出了山洞,长孙凌妍顿时有些傻眼。
来的时候是用的吊索滑下来。可是现在吊索虽然还在,可是角度却掉了个,原本下行变成了上行,倒是难办了。
木傀儡虽然能够感知周围的情况,可是毕竟不是真身,想要运功施法是不可能的。
要么顺着虎蚕丝一点点的爬回去,要么只能抽回自己的精血和神识,忍痛舍弃这件法宝了。
长孙凌妍想了想,还是打心眼里舍不得。她两手空空的来到这个世界,能积攒下来些家底实在是不容易。殷朗虽然宠爱她,可大多时候只把她当做小猫小狗似的娇养,那些送过来的宝贝大都华而不实,没什么大用处。
可这木傀儡就不一样了。简直就是打家劫舍的至宝,真要是就真么扔了,实在是太可惜了。
下面就是万丈深渊,看不到底,一阵阵的阴风从崖底吹上来,冻得冰寒到了骨头里。
摔下去,可就是万劫不复了。
这和她主动抽走神识和精血的情况相反,虽然最终粉身碎骨的是木傀儡,可是长孙凌妍的神识好精血一样也要白白浪费掉。

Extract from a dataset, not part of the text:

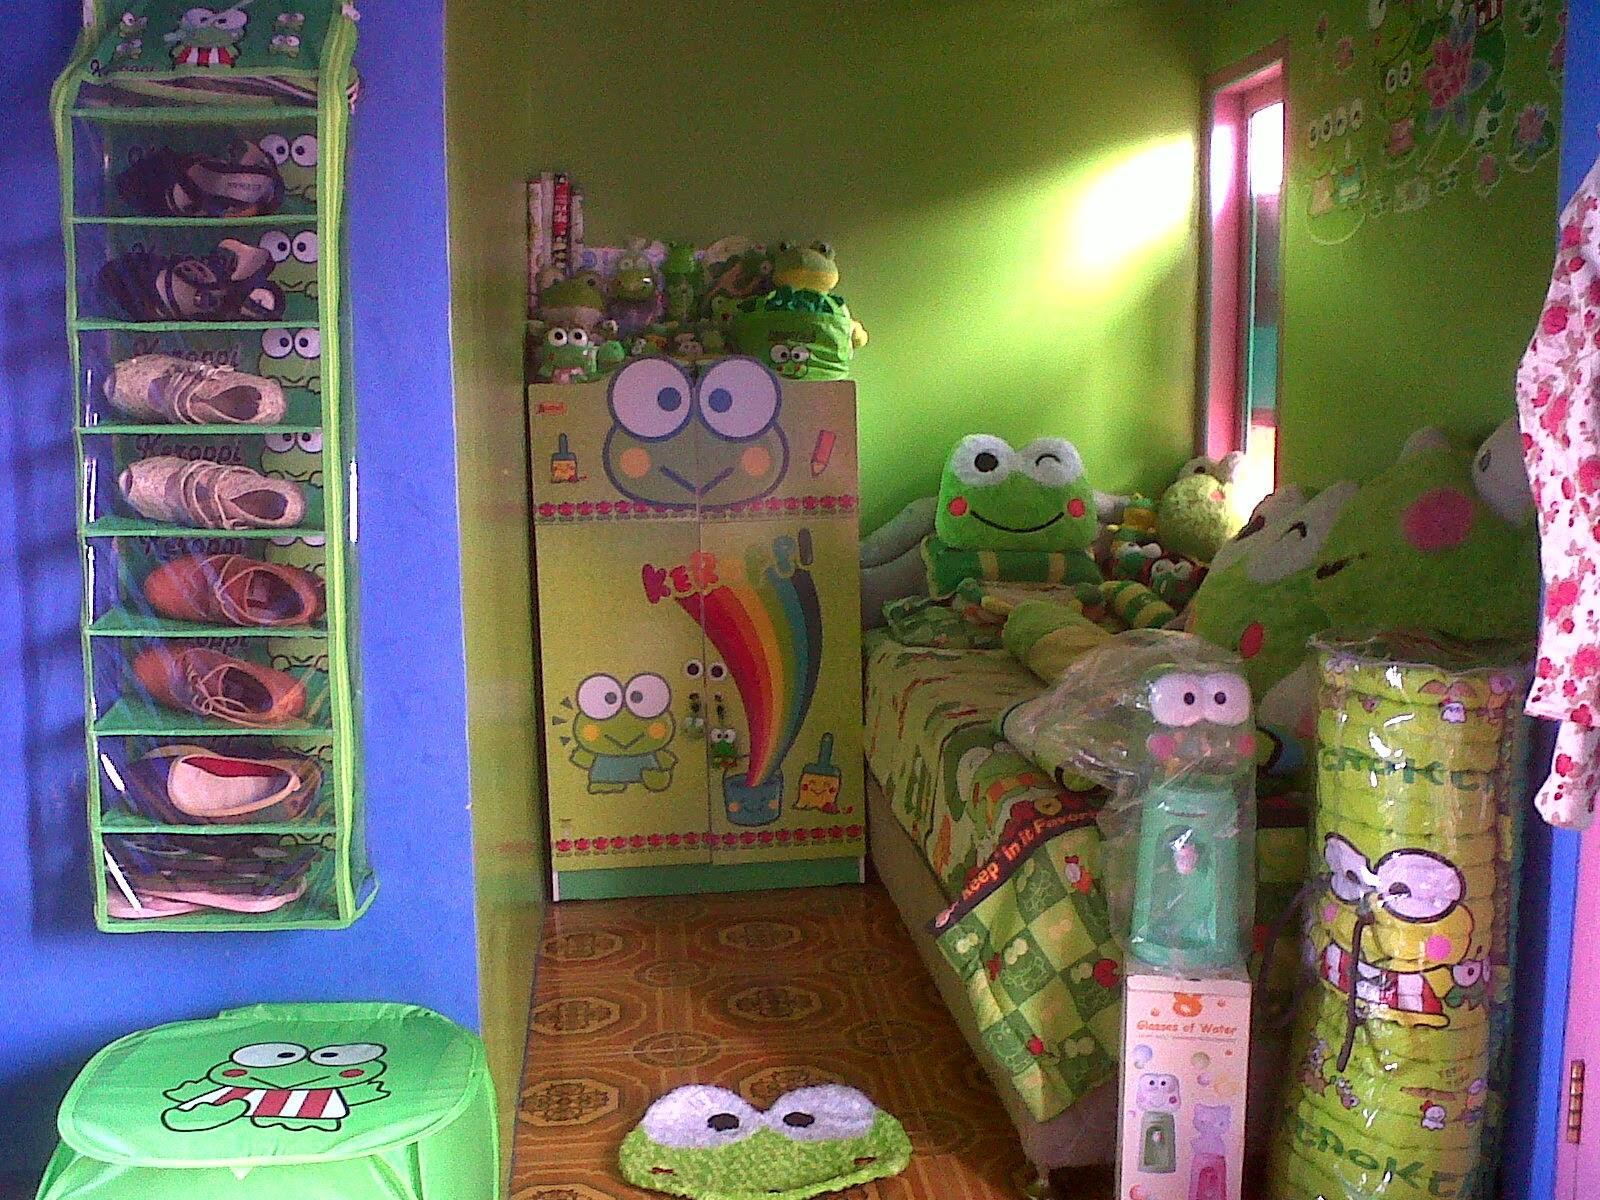 103 wallpaper dinding kamar keroppi | wallpaper dinding

身体受痛是小事,传承的记忆可以同步传输,精血中融进去的九阴冥炎、身上带着的千机括就要这么白白浪费掉了。
没有九阴冥炎,她这回小汨罗境就算是白来了。
少了千机括,让她拿什么去找安知兰报仇砸场子?
难不成真要求助于殷朗?且不说他闭关不知何时能出来,就算是他在,她也万万不愿求到他面前的。

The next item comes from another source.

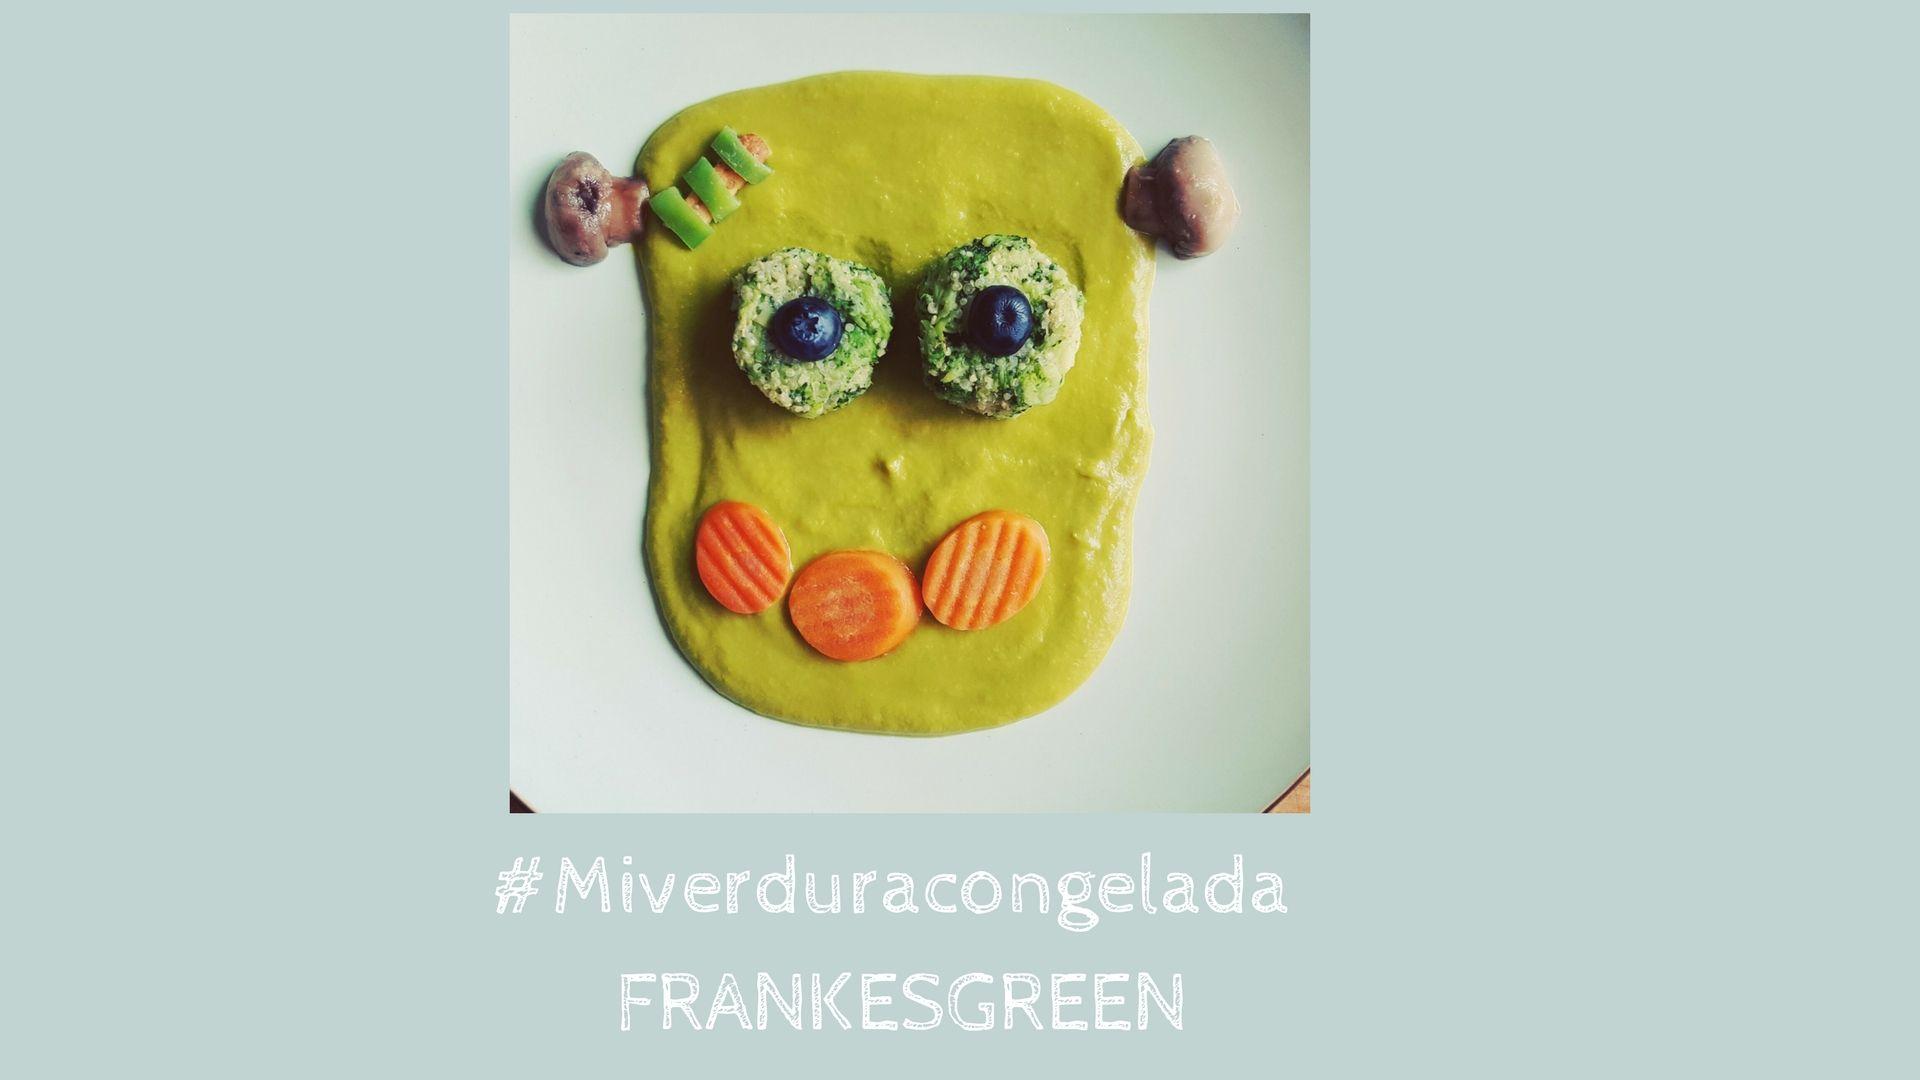 Frankesgreen / Receta de verduras, divertida para niños

她最不堪,最耻辱的记忆都是发生在他面前,她无论如何不愿再一次失去尊严。
东陵烟这个角色,她已经演够了。
长孙凌妍心下发狠,不就是70米左右的悬崖吗,老娘天雷焚身的罪都遭过,哪里还怕这点事儿?!
想到这里,她把心一横,翻身便上了虎蚕丝。
冷,无尽的寒冷。凛冽的罡风一阵阵的吹在身上,像是用锋利的刀子在割一样。
长孙凌妍不再看向下面,她紧紧盯着自己的手指,全身的力气都集中在了四肢上面,努力的稳定着自己的身形。可即使是这样,她还是被风吹得一阵阵抖动,几次都险些翻下绳索。
坚持,在坚持。
她没有一掷千金奢侈浪费的机会,只能靠着坚韧的性格和强大的心,一点点的为自己积攒以后生存的资本。
离开雪巍岛,她便是长孙凌妍,一个无门无派无亲长的普通修士。在这个修真的世界中,这样的人很多。他们就是三界中最底层的蝼蚁,为了能够早日踏上大道而苦苦挣扎着生存。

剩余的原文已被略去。